The problem: Type out the complete listing below word for word, without its pictures.

Dataset excerpt:
==*==
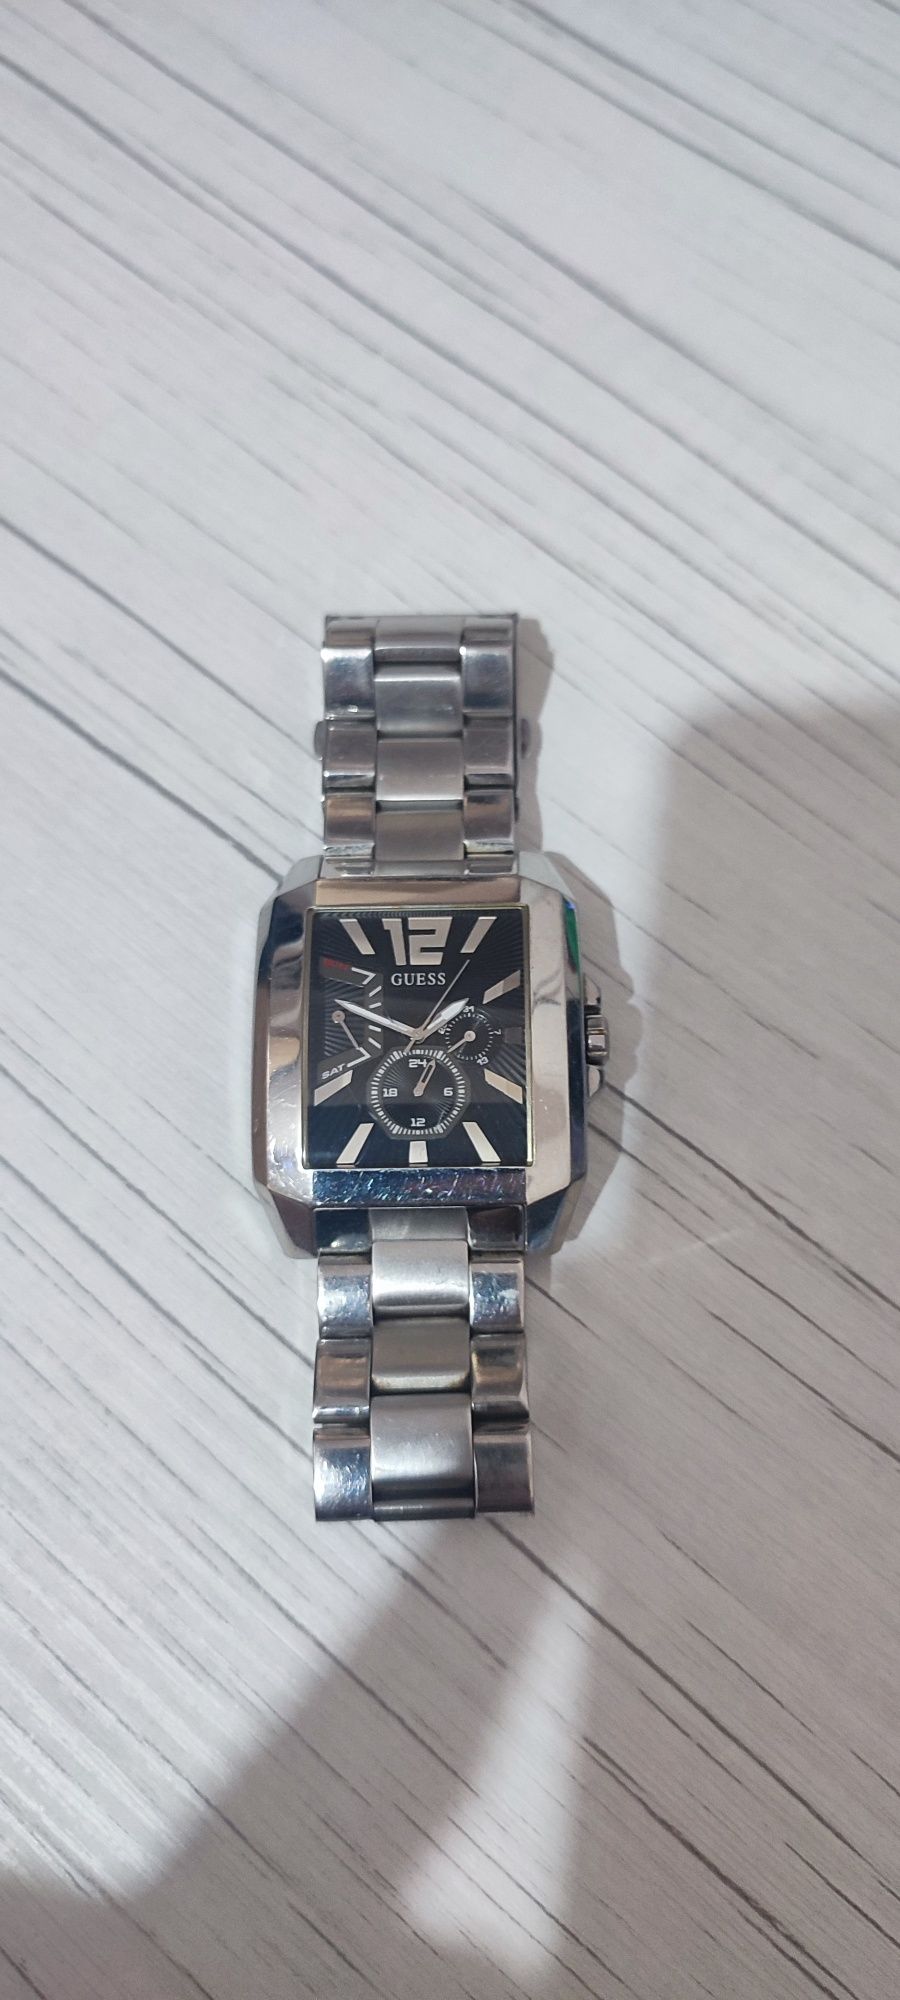 Ceas barbatesc GUESS STRUCTURE W19507G1
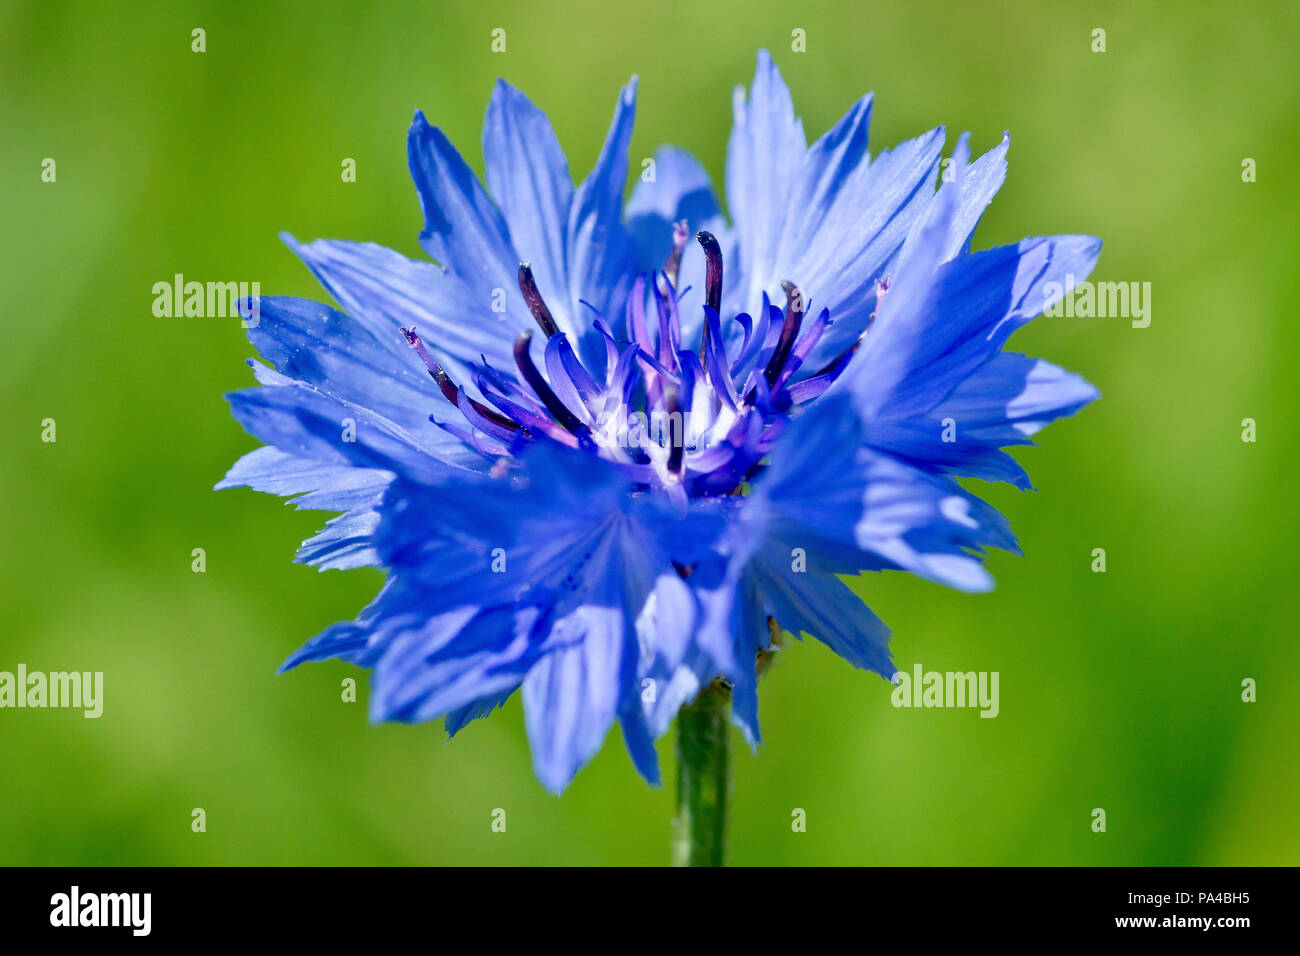 Cornflower (centaurea cyanus), close up of a solitary flower against a plain green background. Also known as Bluebottle. Stock Photo
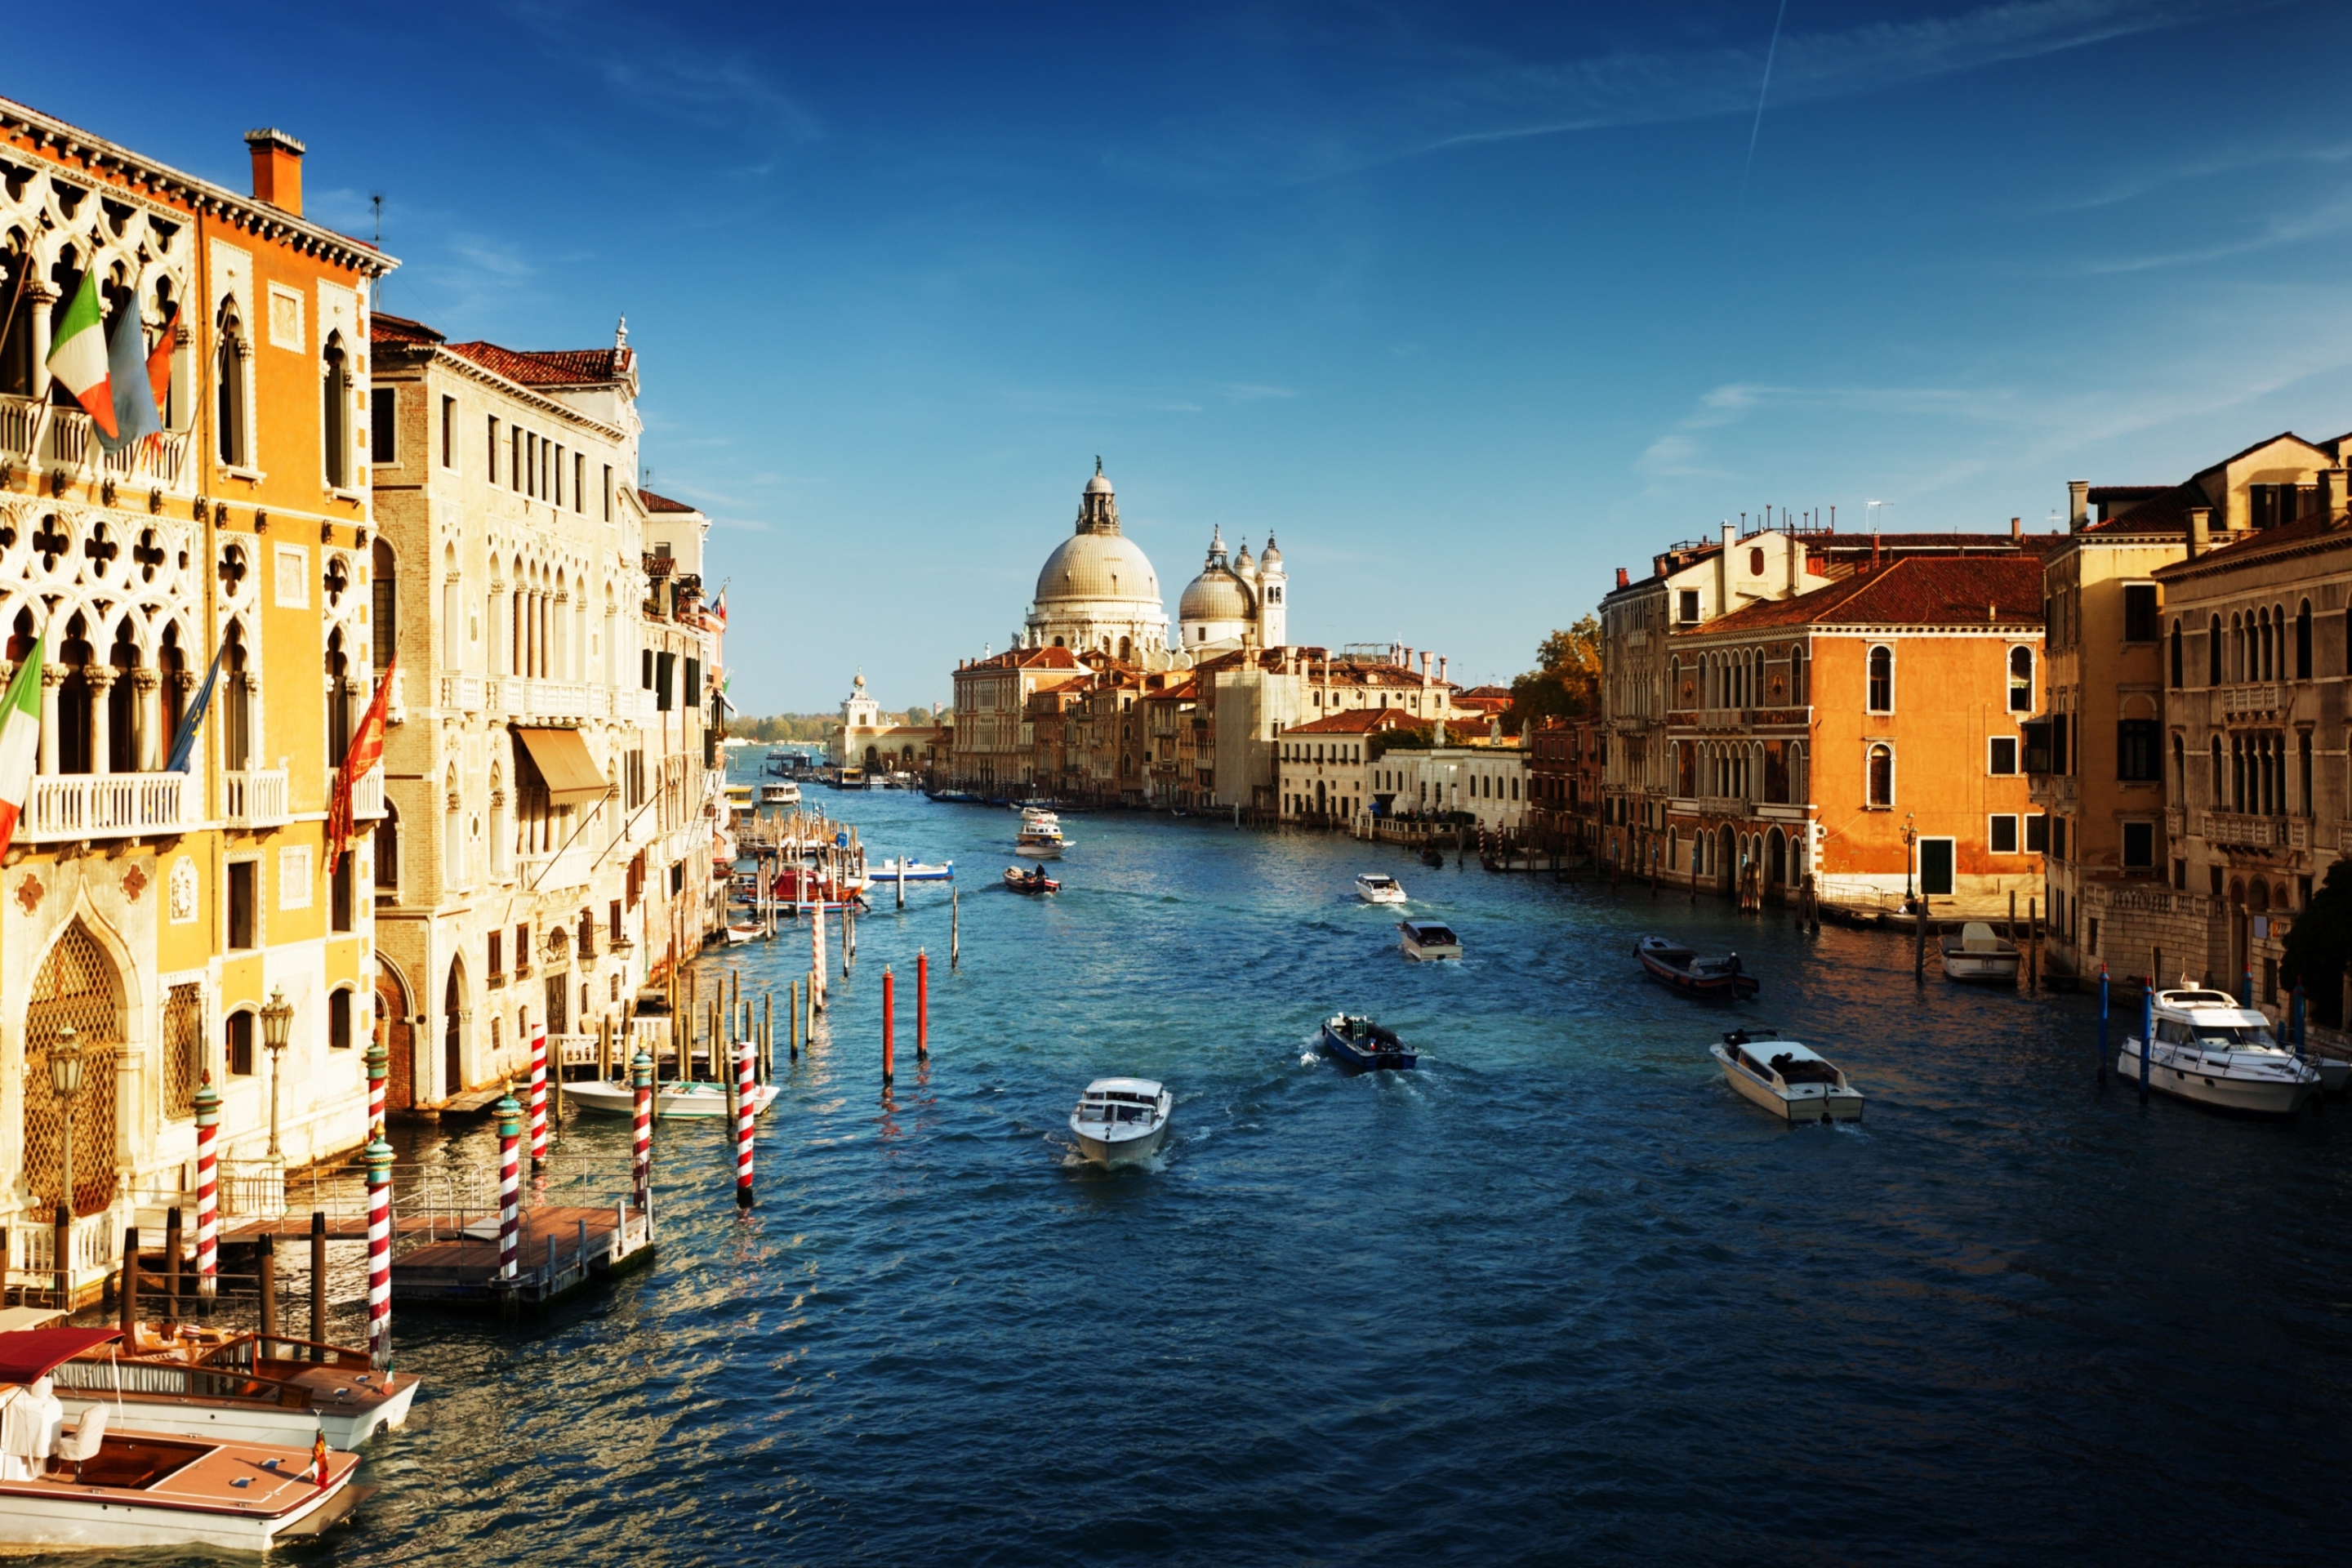 Venice, Italy, The Grand Canal screenshot #1 2880x1920
==*==
Expected answer:
 Ceas barbatesc GUESS STRUCTURE W19507G1
 Cornflower (centaurea cyanus), close up of a solitary flower against a plain green background. Also known as Bluebottle. Stock Photo
 Venice, Italy, The Grand Canal screenshot #1 2880x1920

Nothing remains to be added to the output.